5. Il ressort des écritures du ministre qu'à la date de sa demande, M. D... était titulaire d'une carte de résident valable du 10 octobre 2013 au 9 octobre 2023. Il n'est pas, par ailleurs, établi ni même allégué que l'intéressé aurait perdu son droit au séjour à raison du fait qu'il aurait, à la date de sa demande, quitté le territoire français depuis plus de trois ans. Dans ces conditions, eu égard à ce qui a été dit au point précédent, les autorités consulaires ne pouvaient refuser à M. D..., qui était titulaire d'un titre de séjour en cours de validité, le visa qu'il sollicitait. Ainsi, la commission de recours contre les décisions de refus de visa d'entrée en France ne pouvait légalement, quel que soit le motif invoqué, rejeter son recours dirigé contre cette décision.

6. Il résulte de tout ce qui précède que le ministre de l'intérieur n'est pas fondé à soutenir que c'est à tort que, par le jugement attaqué, le tribunal administratif de Nantes a annulé la décision de la commission de recours contre les décisions de refus de visa d'entrée en France.

Sur les frais liés au litige :

7. Il n'y a pas lieu, dans les circonstances de l'espèce, de faire application des dispositions de l'article L.761-1 du code de justice administrative et de mettre à la charge de l'Etat la somme que M. D... demande au titre des frais exposés par lui et non compris dans les dépens.

D É C I D E :

Article 1er : La requête du ministre de l'intérieur est rejetée.

Article 2 : Les conclusions de M. D... tendant à l'application de l'article L. 761-1 du code de justice administrative sont rejetées.

Article 3 : Le présent jugement sera notifié au ministre de l'intérieur et à M. B... D....

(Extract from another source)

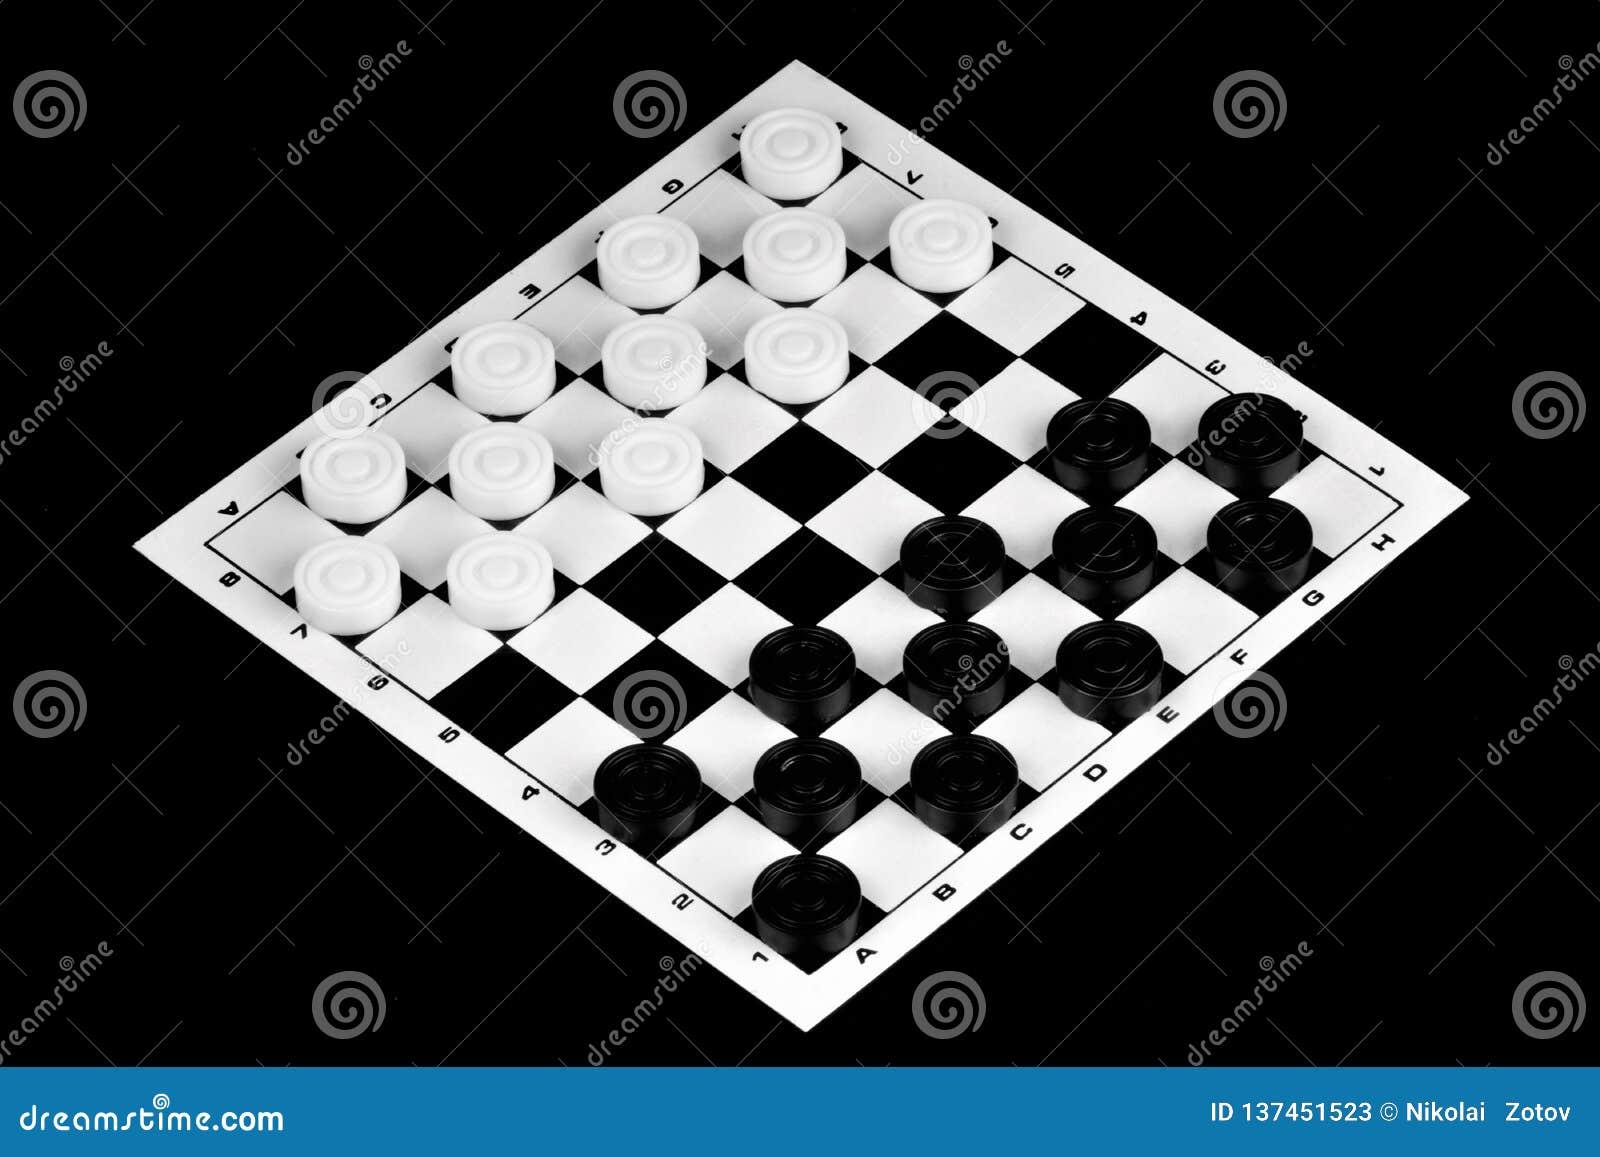 Les contrôleurs est un jeu antagonique de logique antique populaire de conseil avec les morceaux noirs et blancs spéciaux, sur un

Délibéré après l'audience du 7 janvier 2020, à laquelle siégeaient :

- Mme Brisson, président-assesseur,

- M. A...'hirondel, premier conseiller,

- Mme Bougrine, premier conseiller.

Lu en audience publique le 24 janvier 2020.

Le rapporteur,

M. E...

Le président,

C. BRISSON

Le greffier,

K. BOURON

La République mande et ordonne au ministre de l'intérieur en ce qui le concerne, et à tous huissiers de justice à ce requis en ce qui concerne les voies de droit commun contre les parties privées, de pourvoir à l'exécution de la présente décision.

5

N° 19NT03286


Synthèse
Tribunal : Cour administrative d'appel de Nantes
Formation : 2ème chambre
Numéro d'arrêt : 19NT03286
Date de la décision : 24/01/2020
Type d'affaire : Administrative
Type de recours : Excès de pouvoir

Composition du Tribunal
Président : Mme BRISSON
Rapporteur ?: M. Michel LHIRONDEL
Rapporteur public ?: M. DERLANGE
Avocat(s) : BELALMI

Origine de la décision
Date de l'import : 28/01/2020
Fonds documentaire ?: Legifrance
Identifiant URN:LEX : urn:lex;fr;cour.administrative.appel.nantes;arret;2020-01-24;19nt03286 ?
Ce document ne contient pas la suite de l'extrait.